EDITOR'S NOTE: This story has been modified from its original version in print and online to add the correct amount of time the fund balance would provide emergency operating cash.
ARLINGTON -- School district officials Thursday night proposed a $387.5 million budget for the next school year that reflects nearly $20 million in cuts but also restores several teacher positions in struggling schools.
The school board is considering a proposed tax rate of $1.306 per $100 of assessed property value, with the debt-service portion reduced by 3 cents. Staff recommended the cut because the district expects to receive additional state funding to help cover payments on bond projects. The operations tax rate would be unchanged.
The proposal would reduce the annual tax bill on a $115,000 home -- the average home value in the district -- by $33 next year. The board is set to approve a final tax rate and budget Aug. 18.
The district spent the spring slashing its budget and workforce by 631 jobs in anticipation of a $55 million loss in state funding over the next two years. Officials were relieved to learn recently that the cutback would be only about half that amount.
Among other good financial news, property values are higher than expected, and personnel costs dropped because more teachers retired and resigned.
The cuts and added revenue have all but wiped out a budget deficit that had dogged the district for years.
The proposal adds 16 jobs -- 12 teachers, two assistant principals and two academic deans -- to enhance math and science programs at schools recently rated academically unacceptable by the state.
The proposal does not include pay raises.
"We're going to serve the needs of the students," Superintendent Jerry McCullough said. "We're going to move forward 100 percent; we're just going to do it with less money."
The district will also get a financial bump from adjusting its fiscal calendar. The 2011-12 fiscal year will be only 10 months, setting up fiscal years to start July 1 instead of Sept. 1. The change means the district will receive 12 months of funding to pay for just 10 months of expenses.
It will give a one-time boost of $32.9 million to the fund balance, or reserve, Associate Superintendent Cindy Powell said. She cited other operational benefits as well.
"It lines up our fiscal year better with our school year, which is our normal business cycle," said Powell, the district's top finance official. "It will allow us to have budgets and compensation already determined at the time teachers and other staff come back on duty from summer. That has always been a concern."
To provide apples-to-apples comparisons with the current and previous budget years, the staff has extrapolated a 12-month version of the 10-month budget. Under a 12-month fiscal year, the proposed budget would have been $424.6 million -- an $18.7 million or 5 percent reduction from the 2010-11 budget of $443.3 million.

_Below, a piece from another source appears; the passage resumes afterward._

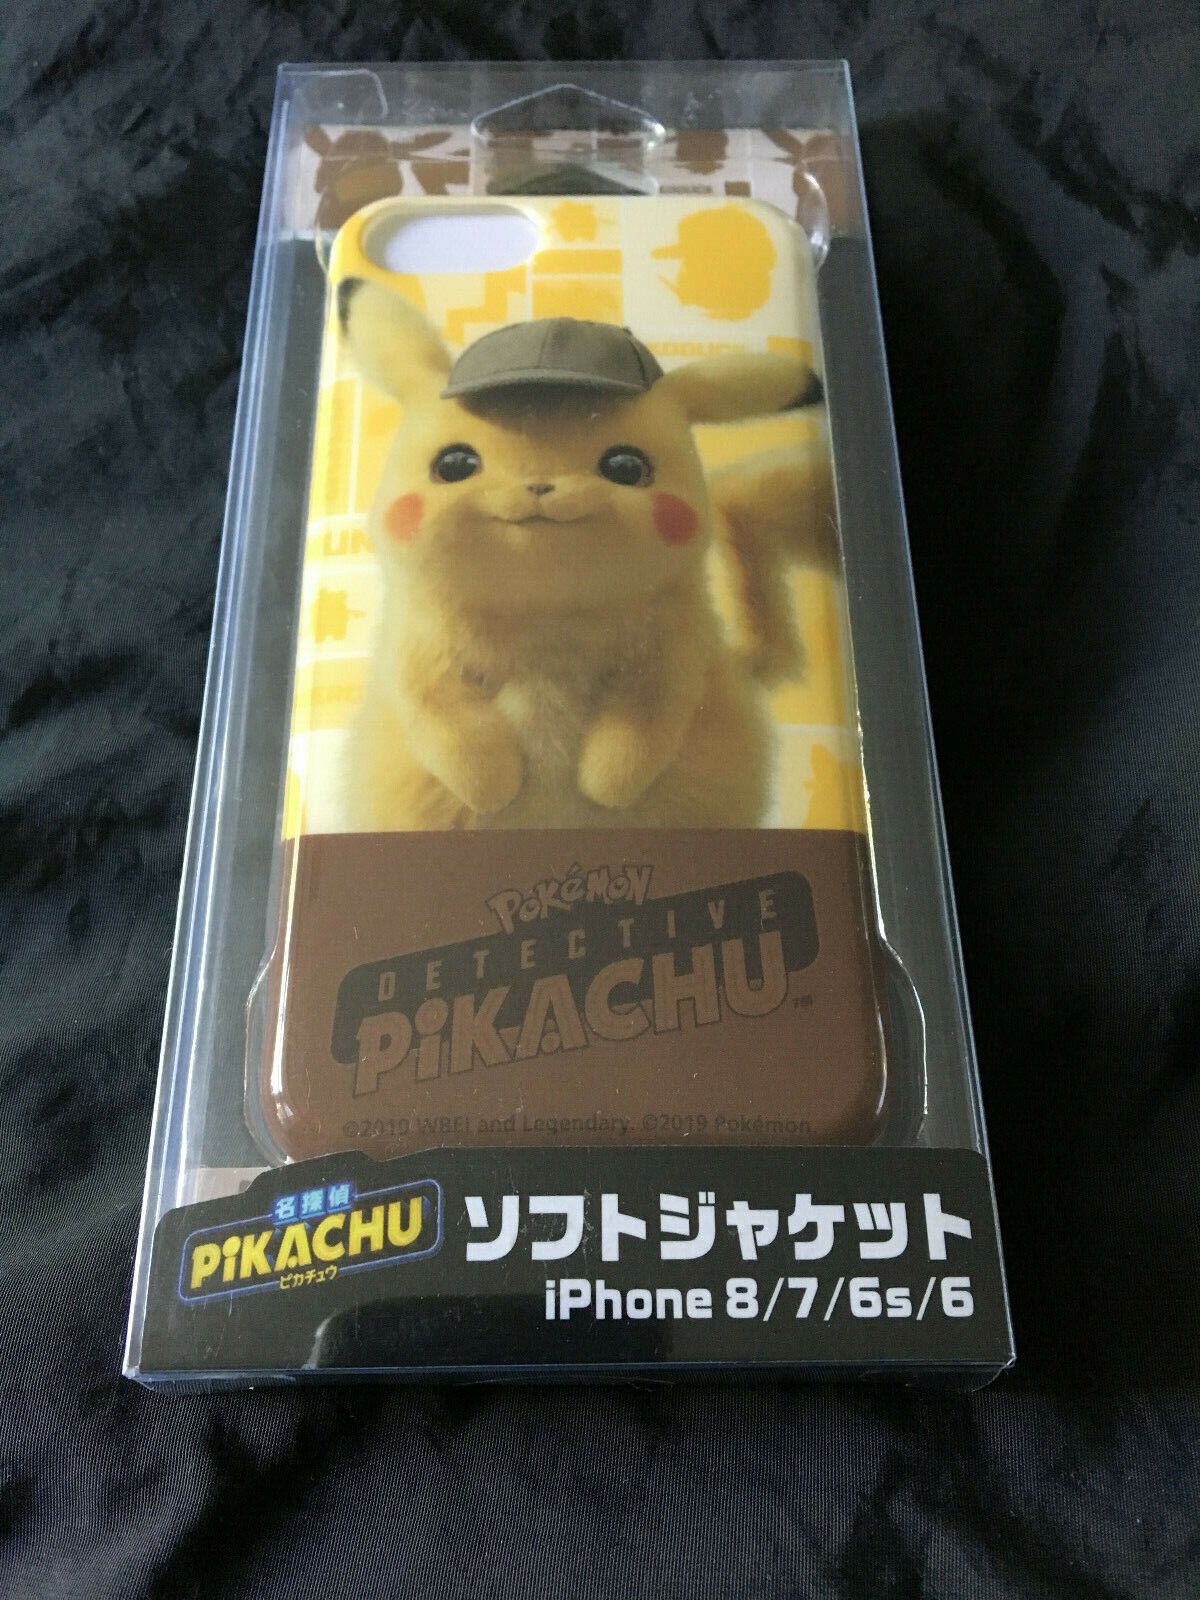 Pokemon Center Official Detective Pikachu iPhone Case Fits iPhone 8 7 6s 6

The general fund started this year with a projected $13.4 million shortfall but is now expected to end the year Aug. 31 less than $600,000 in the red. The 2011-12 budget is projected to end with an $8 million surplus.
With the calendar boost next year, the fund balance would swell to $114.8 million, providing 13 weeks of emergency operating cash.
Many residents have called for the district to dip deeply into the reserves -- and its $21 million fund from natural gas leases -- to avoid cutting jobs and programs. But school officials have held firm, saying that increasing recurring costs would drain the district's financial cushion in a few years without a drastic increase in revenue.
Of the 631 jobs cut, 526 are from the general operating budget, including 201 teacher positions that will be eliminated through attrition. The remaining jobs were lost because of cuts in state and federal grant funding. Those included cutbacks in the pre-kindergarten and special-education programs.
Remaining teachers will pick up the slack by taking on an extra class and giving up a conference period every other school day.
"We're a lot leaner than we were, and we're asking a whole lot more of our teachers," board President Peter Baron said. "We really need parental involvement."